# Hs622



## m1234 (Nov 6, 2013)

*HS622 ground speed*

I've got a 2011 HS622TC. It's got tracks and a 2 speed gearbox instead of a hydrostatic transmission. It's a light, quiet and maneuverable machine which works well for my application, except that the ground speed is a bit slow during light cleanup or moving between driveways. Does anyone have any suggestions which would speed it up? I think some of the older models had different gearing, is it possible to swap gears? Is bumping up the max RPM possible? I'm considering trading it in on a HSS724, but the increase in weight, noise, size and cost make the decision more difficult for me.


----------



## micah68kj (Oct 8, 2011)

m1234 said:


> I've got a 2011 HS622TC. It's got tracks and a 2 speed gearbox instead of a hydrostatic transmission. It's a light, quiet and maneuverable machine which works well for my application, except that the ground speed is a bit slow during light cleanup or moving between driveways. Does anyone have any suggestions which would speed it up? I think some of the older models had different gearing, is it possible to swap gears? Is bumping up the max RPM possible? I'm considering trading it in on a HSS724, but the increase in weight, noise, size and cost make the decision more difficult for me.

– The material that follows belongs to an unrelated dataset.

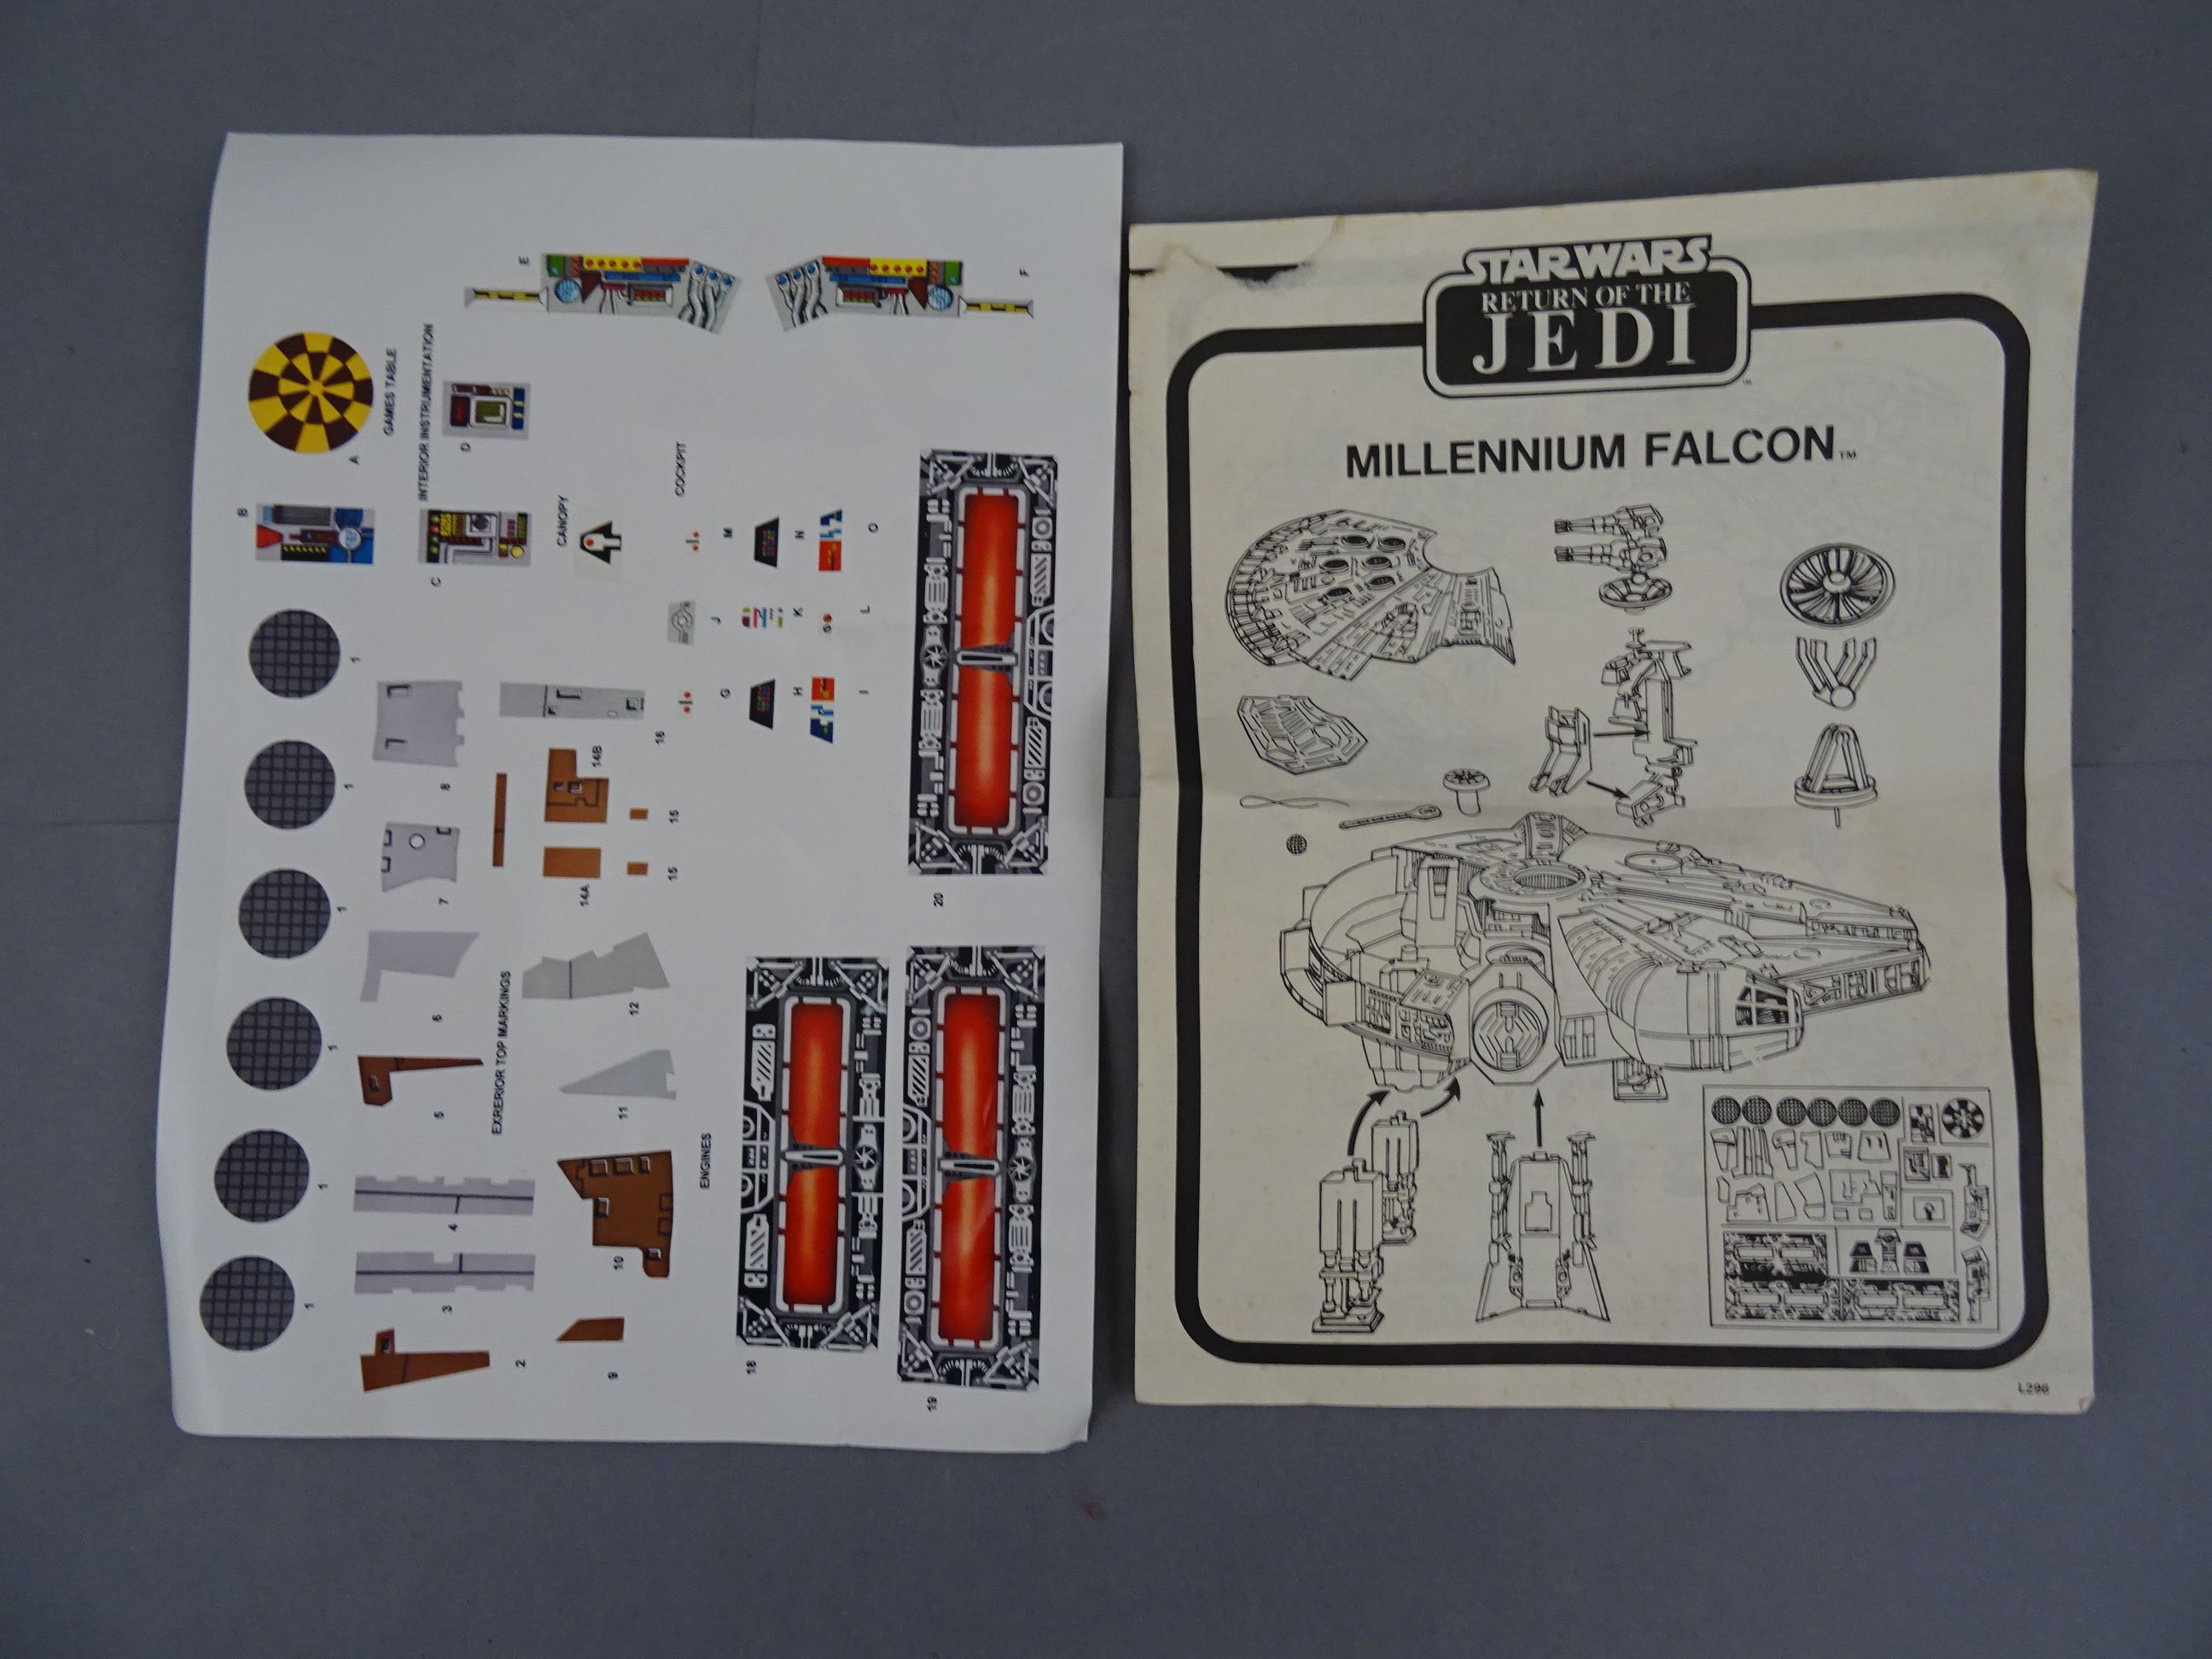 Star Wars - Original boxed Palitoy Star Wars Return of the Jedi Millennium Falcon Vehicle in good - Image 10 of 11

Ideally you would have a single stage to accompany your 2 stage. Single stage blowers will handle a pretty fair amount of snow, up to 6" -8" of the white stuff. Look for a good, used Toro CCR 2000, 2450, 3650 or a Toro Power Clear. Don't know your location but you may want to try your local craigslist. Some of us in here have both types.


----------



## Shryp (Jan 1, 2011)

You can change the pulleys for the drive train to speed it up. The problem will be then it might be too fast for the heavy snow.

Increase the size of the pulley on the engine or decrease the size of the pulley on the transmission. Usually the engine pulley is cheaper and easier to change since it is smaller.


----------



## m12345 (Oct 9, 2013)

Shryp said:


> You can change the pulleys for the drive train to speed it up. The problem will be then it might be too fast for the heavy snow.
> 
> Increase the size of the pulley on the engine or decrease the size of the pulley on the transmission. Usually the engine pulley is cheaper and easier to change since it is smaller.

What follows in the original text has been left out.